# pfetch

> system information shell tool

**Wikidata**: [Q107369956](https://www.wikidata.org/wiki/Q107369956)  
**Source**: https://4ort.xyz/entity/pfetch

## Summary
pfetch is a free, open-source system information shell tool written by Dylan Araps that displays concise hardware and operating-system details in a terminal. Written purely in shell script and released under the MIT License, it runs on any Unix-like platform and is designed as a lightweight alternative to larger fetch utilities.

## Key Facts
- Author: Dylan Araps (b. 1998), independent programmer.
- License: MIT License; source code at https://github.com/dylanaraps/pfetch.
- Current stable release: 0.6.0 (11 Mar 2020); first public release 0.1 (28 Sep 2019).
- Implementation language: POSIX-compatible shell script.
- Supported platforms: all Unix-like operating systems; package available on SlackBuilds as desktop/pfetch.
- Software class: free software, console application, cross-platform.
- GitLab topic identifier: pfetch.

## FAQs
### Q: What does pfetch actually show?
A: It prints a short, colorized block containing the OS name, kernel, uptime, package count, shell, CPU, GPU, memory usage, and an ASCII logo for the detected distribution.

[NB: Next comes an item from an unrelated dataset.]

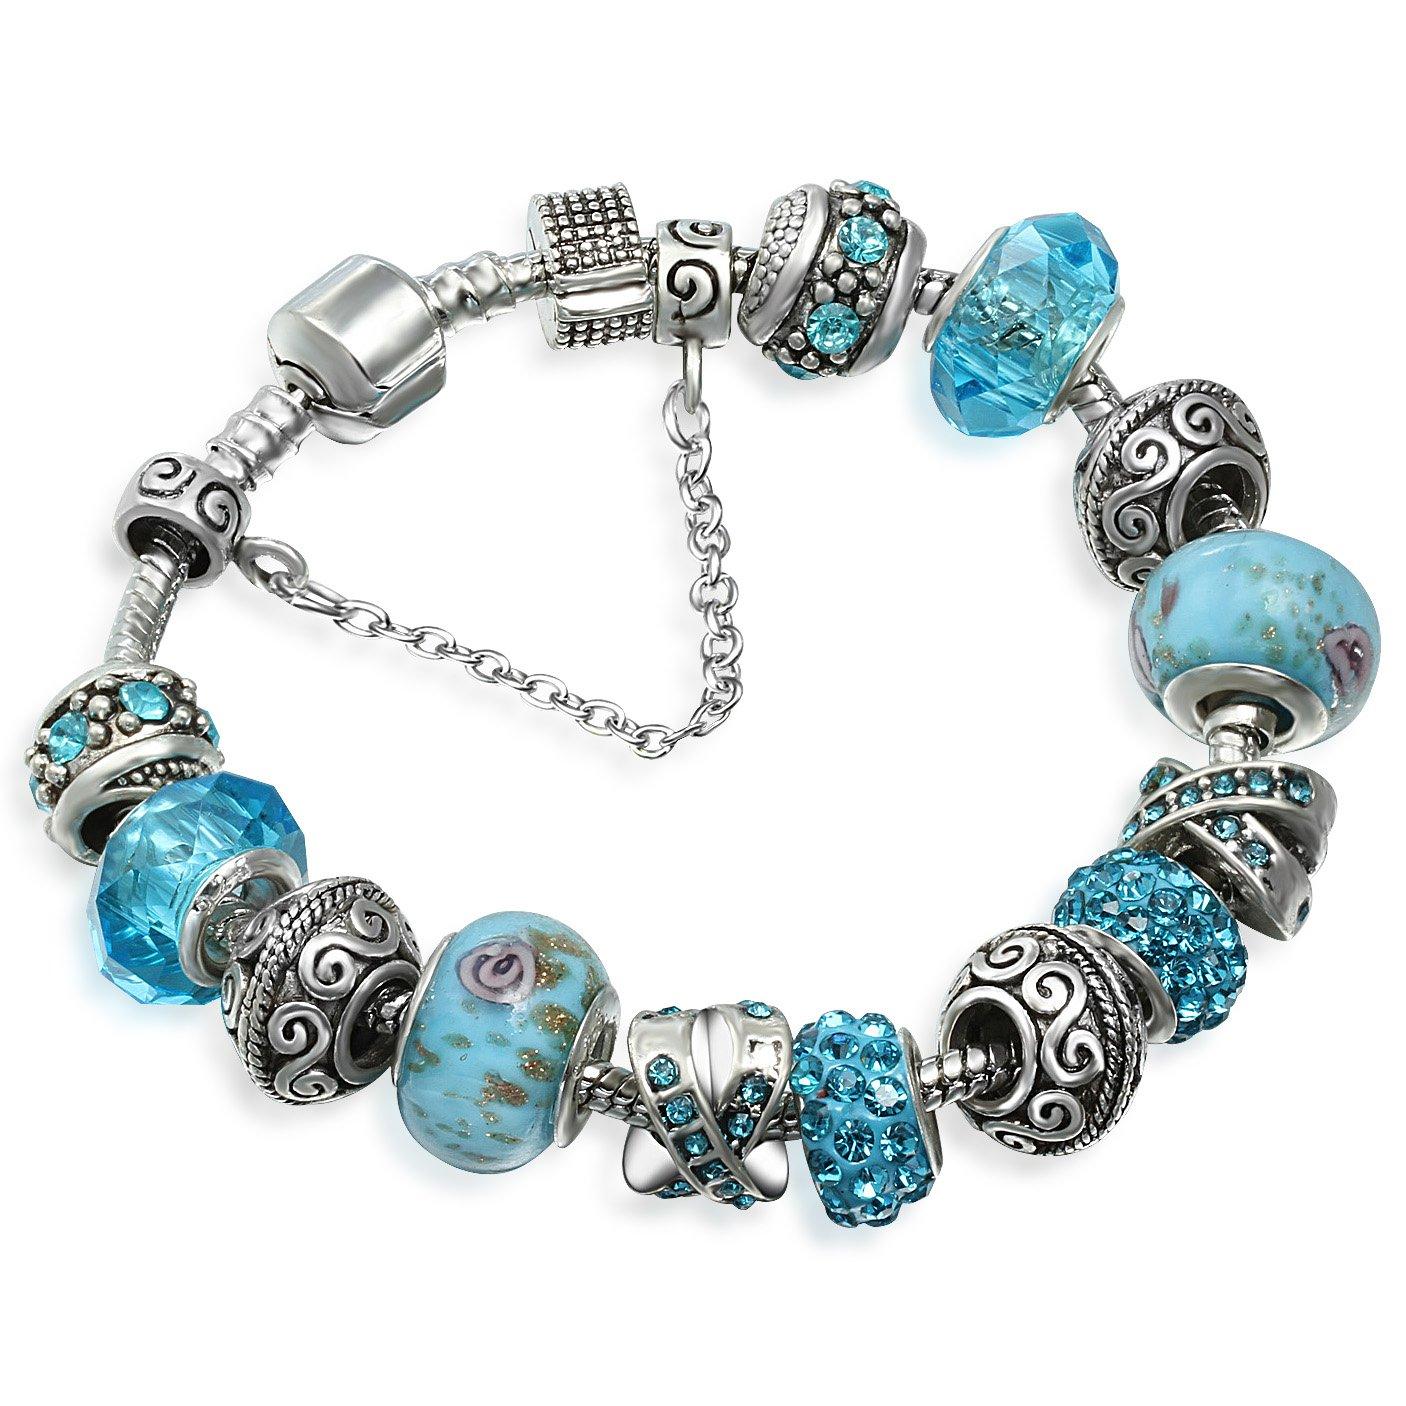 A TE® Bracelet Charms Bleu Femmes Rêve Fascinant Cadeau #JW-B94 ATE

### Q: How is pfetch different from neofetch?
A: pfetch is intentionally minimal—about 500 lines of shell versus neofetch’s several thousand—making it faster to start and easier to audit or embed in dotfiles.

### Q: Can I run pfetch on macOS or *BSD?
A: Yes; the script is written for POSIX shells and officially supports macOS, Linux, and the major BSD families without modification.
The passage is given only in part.